Liquid Biopsy Analysis of FGFR3 and PIK3CA Hotspot Mutations for Disease Surveillance in Bladder Cancer

Abstract

Background

Disease surveillance in patients with bladder cancer is important for early diagnosis of progression and metastasis and for optimised treatment.

Objective

To develop urine and plasma assays for disease surveillance for patients with FGFR3 and PIK3CA tumour mutations.

Design, setting, and participants

Droplet digital polymerase chain reaction (ddPCR) assays were developed and tumour DNA from two patient cohorts was screened for FGFR3 and PIK3CA hotspot mutations. One cohort included 363 patients with non–muscle-invasive bladder cancer (NMIBC). The other cohort included 468 patients with bladder cancer undergoing radical cystectomy (Cx). Urine supernatants (NMIBC n = 216, Cx n = 27) and plasma samples (NMIBC n = 39, Cx n = 27) from patients harbouring mutations were subsequently screened using ddPCR assays.

Outcome measurements and statistical analysis

Progression-free survival, recurrence-free survival, and overall survival were measured. Fisher's exact test, the Wilcoxon rank-sum test and Cox regression analysis were applied.

Results and limitations

In total, 36% of the NMIBC patients (129/363) and 11% of the Cx patients (44/403) harboured at least one FGFR3 or PIK3CA mutation. Screening of DNA from serial urine supernatants from the NMIBC cohort revealed that high levels of tumour DNA (tDNA) were associated with later disease progression in NMIBC (p = 0.003). Furthermore, high levels of tDNA in plasma samples were associated with recurrence in the Cx cohort (p = 0.016). A positive correlation between tDNA levels in urine and plasma was observed (correlation coefficient 0.6). The retrospective study design and low volumes of plasma available for analysis were limitations of the study.

Conclusions

Increased levels of FGFR3 and PIK3CA mutated DNA in urine and plasma are indicative of later progression and metastasis in bladder cancer.

Patient summary

Urine and plasma from patients with bladder cancer may be monitored for diagnosis of progression and metastasis using mutation assays.

Introduction

Bladder cancer is a common malignancy, with an estimated 430 000 new cases and 165 000 deaths worldwide every year [1]. Approximately 75% of newly diagnosed patients present with non–muscle-invasive bladder cancer (NMIBC), which is characterised by a high recurrence rate and 5-yr survival of ∼90% [2]. Progression to muscle-invasive bladder cancer (MIBC) is observed in 10–30% of patients [3]. The 5-yr survival rate for patients with MIBC is ∼50% [4], while ∼50% develop metastasis [5], which is associated with a 5-yr survival of only ∼5% [6]. Patients are monitored over many years to detect disease progression and metastatic disease, with high costs for health care systems and massive discomfort for the patients [2], [7]. Clinical and histopathologic information is used for risk stratification of patients to follow-up programs, and for more accurate identification of disease aggressiveness. Numerous promising biomarkers have been identified, including genomic alterations and transcriptional subtypes [8], [9], [10]. Frequent activating (hotspot) mutations have been identified in the TERT promoter and in FGFR3 and PIK3CA [11], [12]. Multiple studies have focused on hotspot mutations and methylation markers for disease surveillance using urine sediments, mainly from NMIBC patients [13], [14]. However, no molecular tests have yet been implemented in clinic practice.

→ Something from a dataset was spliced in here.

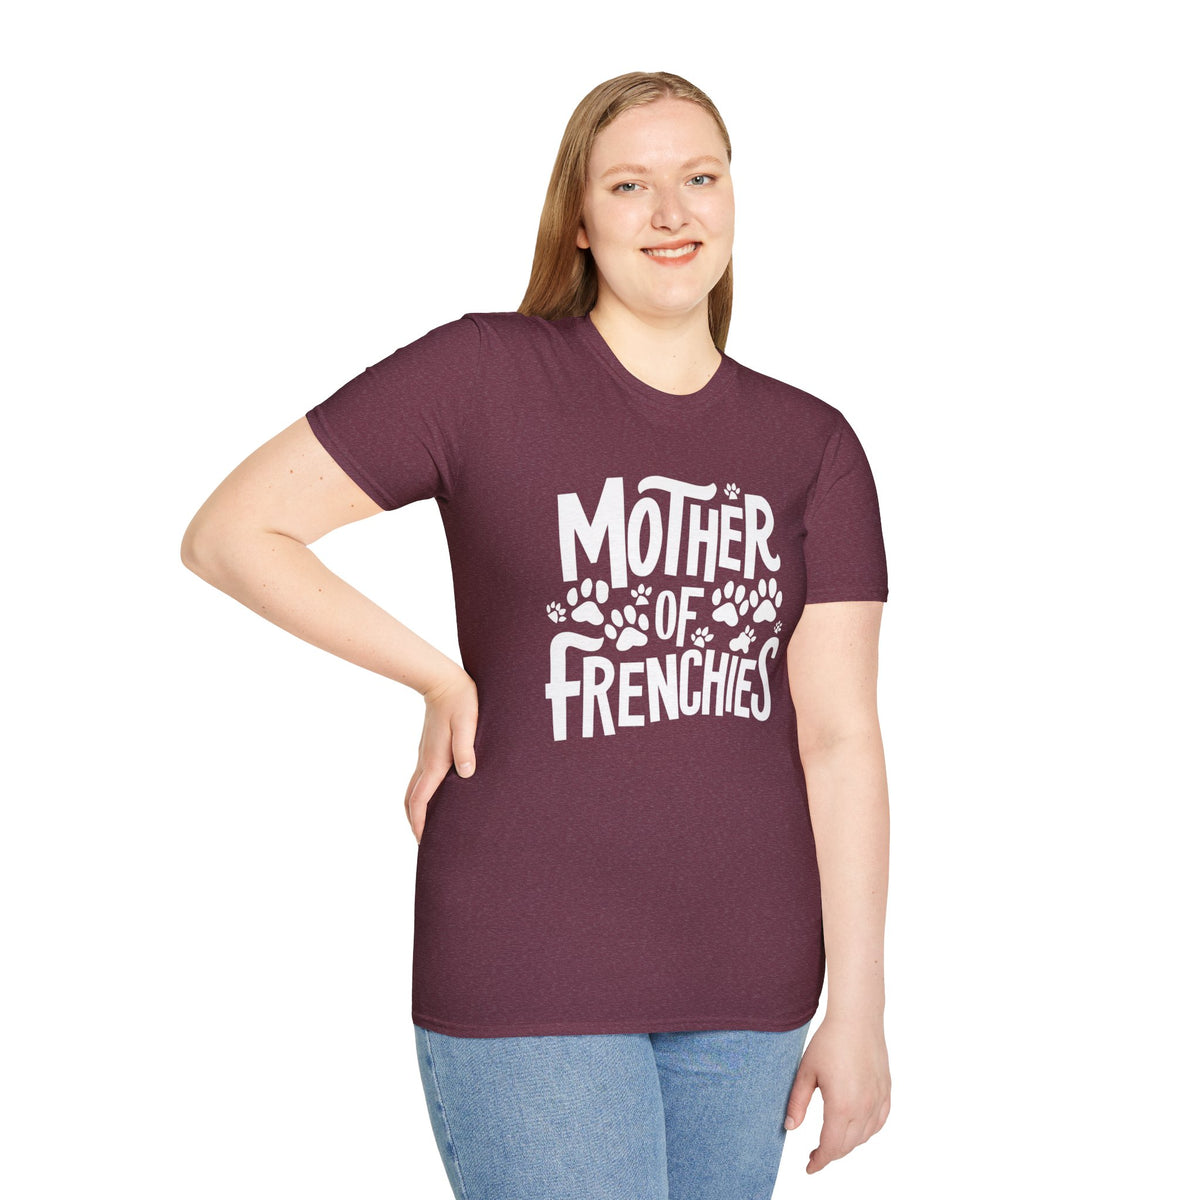 Mother of Frenchie - FRENCH BULLDOG T-SHIRT

Cell-free tumour DNA in liquid biopsies (urine supernatant and plasma) may have huge biomarker potential. Tumour DNA (tDNA) is continually shed into the circulation along with DNA from normal cells. Even though tDNA constitutes a small fraction of the total DNA in the circulation, its short half-life makes it a promising marker of the tumour burden [15]. Cell-free tDNA in urine supernatant may originate from lysed tumour cells, but may also originate from renal clearance of cell-free DNA in plasma [16]. In a recent study, we showed that tumour-specific structural variants can be detected in both plasma and urine supernatant, even in patients with NMIBC, and at high levels in patients before progression to MIBC [17]. Studies of breast and colon cancer, for example, have primarily focused on plasma analyses and have shown that tDNA in plasma effectively predicts disease recurrence [18], [19]. However, these studies have collectively depended on designing patient-specific assays or applying costly next-generation sequencing approaches.

Here we developed droplet digital polymerase chain reaction (ddPCR) assays for hotspot FGFR3 and PIK3CA mutation detection in liquid biopsies. Longitudinally collected urine supernatants from patients with NMIBC were analysed to predict disease progression to MIBC, and preoperative plasma and urine samples were analysed to predict disease recurrence following cystectomy. We demonstrate that prediction of aggressiveness and surveillance of relapse in patients with hotspot FGFR3 or PIK3CA mutations may be possible using urine and plasma.